Steatorrhea was identified to be associated with an increased risk of developing DM (HR, 1.46; 95% CI, 1.01–2.11). The fibro-inflammatory damage of the pancreatic parenchyma in CP causes not only DM but primarily pancreatic exocrine insufficiency (PEI).[34] The close correlation between steatorrhea and DM revealed by our risk factor analysis could also be explained by the impaired incretin system caused by food maldigestion in the context of PEI, as the lower level of incretin causes decreased secretion of insulin.[35,36] Moreover, as calcium is necessary for insulin secretion, fat-soluble vitamin D malabsorption and deficiency caused by steatorrhea affects calcium absorption and utilization, thus contributing to DM and poor glycemic control.[37,38] The finding of a positive correlation between biliary stricture and DM in CP may attest that the onset of DM in patients with CP is mainly caused by progression of the disease.

Multivariate analysis showed that distal pancreatectomy was the only treatment option associated with an increased risk of developing DM in CP, with a 3.4-fold increase.
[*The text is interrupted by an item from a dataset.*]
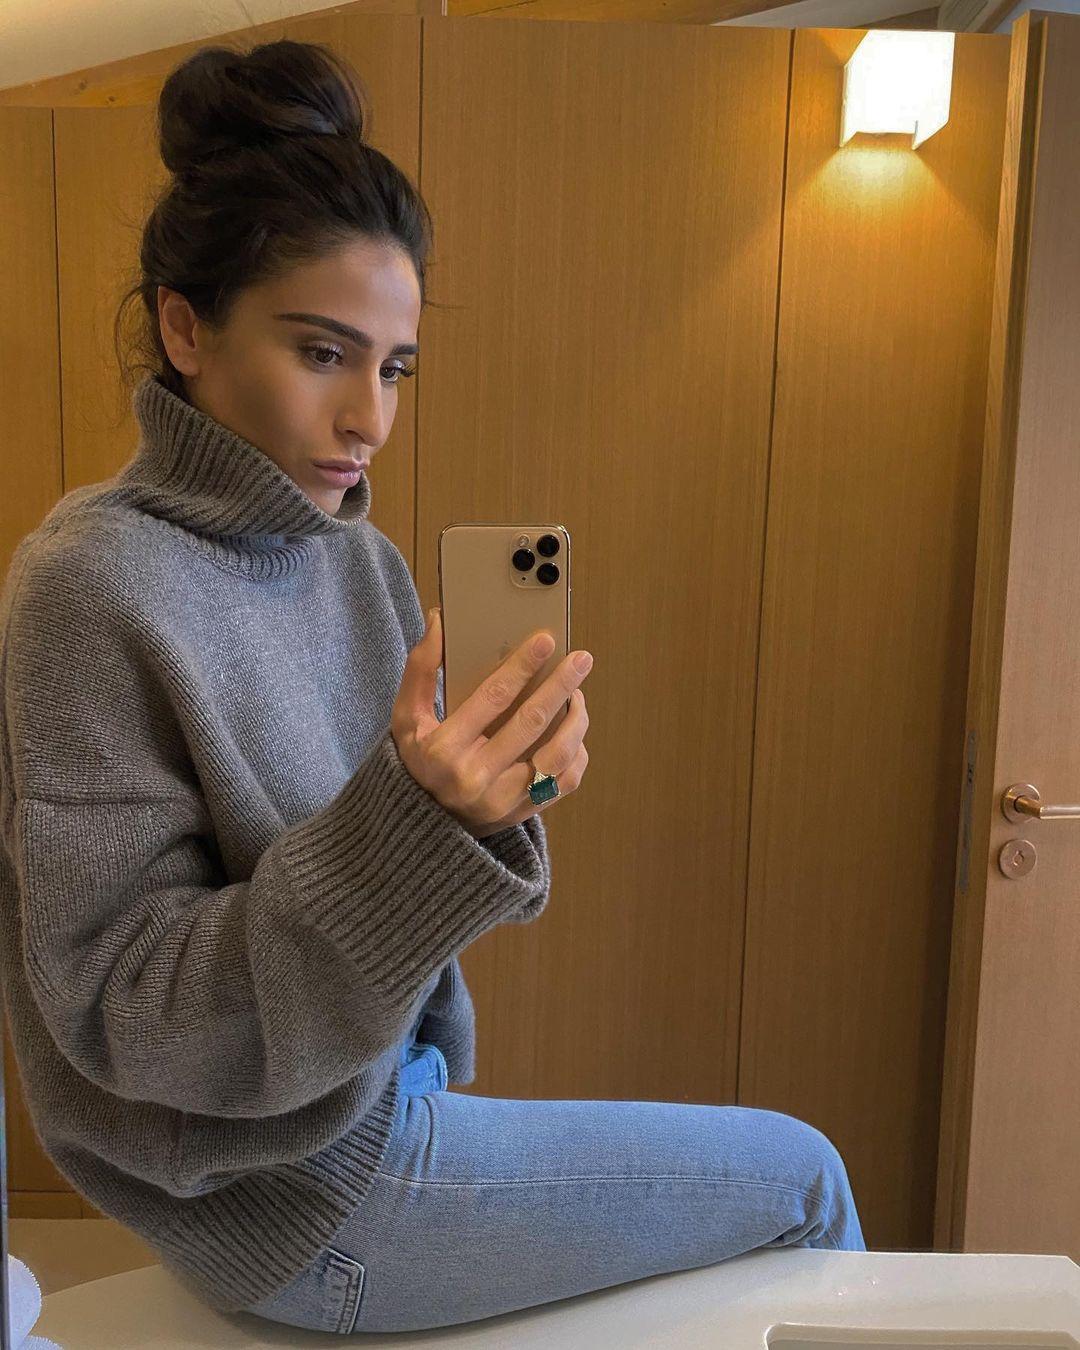 15 Cozy Turtlenecks to Add to Your Fall/Winter Wardrobe

This is in accordance with previous studies,[39,40] and is further confirmed by a recent systematic review reporting a rate of 39% for new-onset DM after distal pancreatectomy.[41] The relatively enriched distribution of islets in distal pancreas and the additional surgical resection based on pre-existing fibroinflammatory destruction of pancreatic parenchyma offer possible explanations.[42] The finding that endoscopic treatment by ERCP/ESWL was not associated with an increased/decreased risk of DM development is also consistent with previous studies.[43]
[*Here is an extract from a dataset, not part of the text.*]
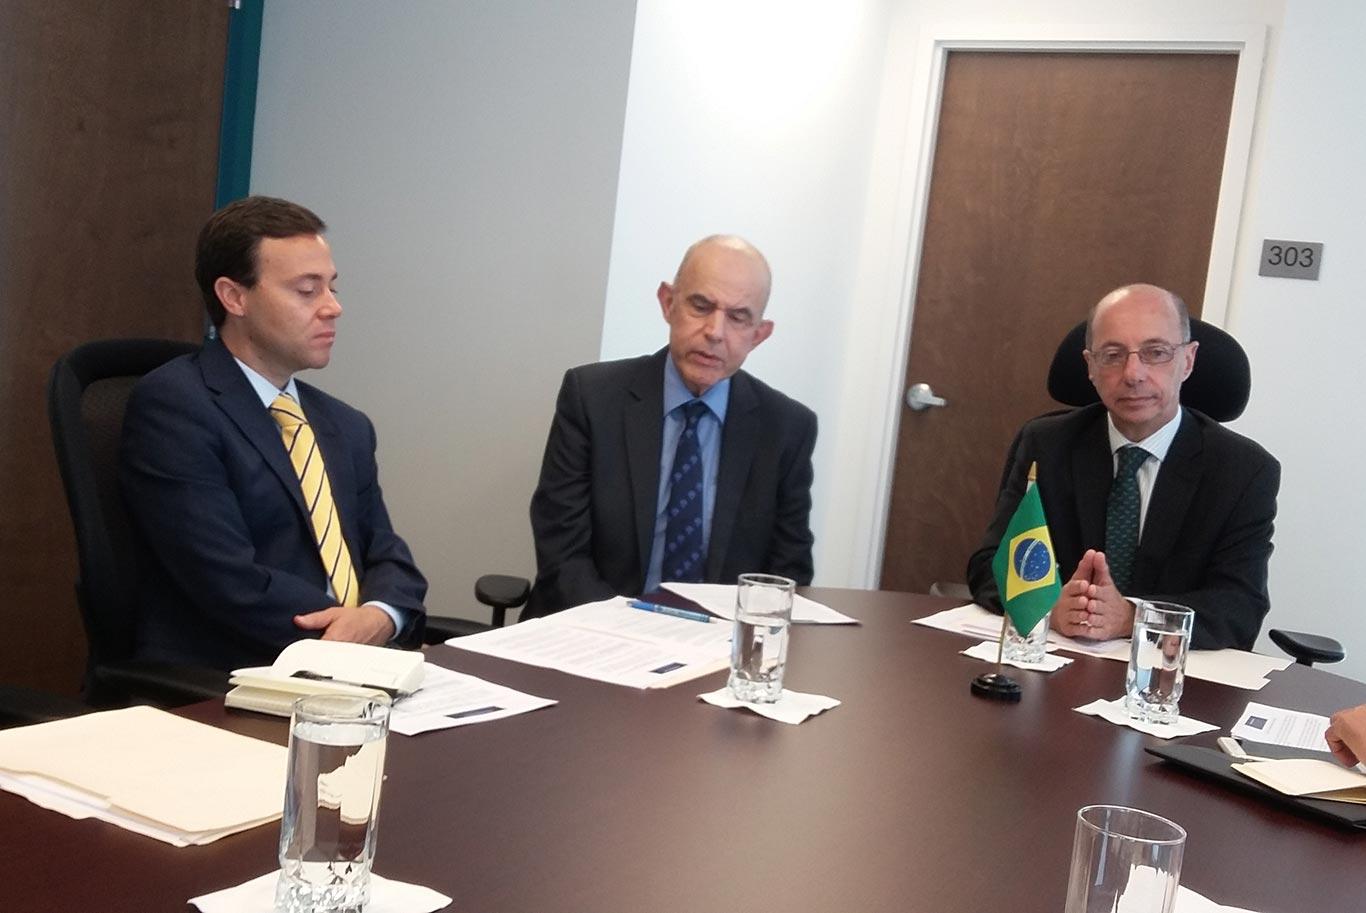 Cônsul-Geral do Brasil em Miami fez anúncios importantes para dinamizar o serviço

Interpretation of the identified risk factors is 2-fold. First, DM monitoring (eg, fasting glucose and HbA1c) in high-risk individuals (those with one or more risk factors) should be more frequent than “average-risk” individuals (those without identified risk factors). The most recent consensus statement released at PancreasFest 2012 recommended an annual screening for DM in patients with CP.[11] In the context of our findings, the screening interval for DM should be further individualized with consideration of the number of risk factors each individual has. Those with more risk factors should be screened more frequently with a screening interval <1 year.

Second, the identification of modifiable risk factors provides evidence for guiding clinical practice and patient education. For example, lifestyle modifications such as alcohol abstinence, as recommended for CP patients, have been further confirmed by identifying alcohol abuse as a risk factor for DM. The potential correlation between pancreatic exocrine insufficiency (steatorrhea) and endocrine insufficiency (DM) suggests that pancreatic enzyme supplementation may help postpone or probably reduce the risk of DM development, though further investigations are warranted. Moreover, as a strong risk factor for DM development, distal pancreatectomy should be avoided unless necessary.
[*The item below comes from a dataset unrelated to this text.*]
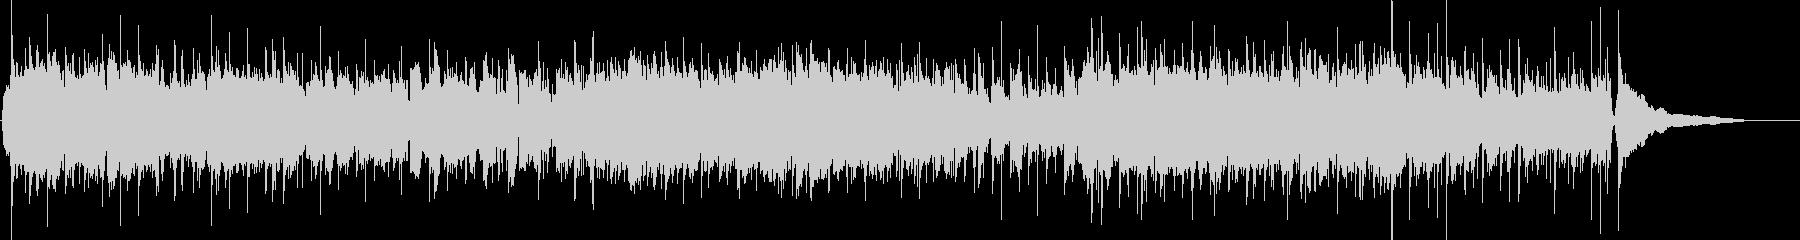 フルートがメインの明るいメロディの曲1の未再生の波形

There are several limitations of our study. First, the observational study design (cohort study) is inherent to selection bias,[44] even though the adjusted HRs and 95% CIs were calculated in multivariate analysis using Cox regression model. Second, the inclusion of retrospective cohort introduced recall bias.[44] Nevertheless, statistical analysis showed that there was no significant difference between the clinical characteristics of patients admitted before and after January 2005. In this sense, the recall bias minimally influenced the results of the study. Third, our study failed to distinguish DM secondary to CP (type 3c DM) from type 1 or type 2 DM. We had made efforts to exclude patients diagnosed with DM over 2 years before the onset of CP, and in fact, in most cases of DM occurring in patients with CP, the diagnosis is type 3c.

In conclusion, the risk of developing DM in patients with CP is not only influenced by the development of biliary stricture and steatorrhea indicating disease progression, and inherent nature of study subjects such as male sex, but also by modifiable factors including alcohol abuse and distal pancreatectomy. This provides additional suggestions and evidence for early detection and probable risk reduction of DM in patients with CP.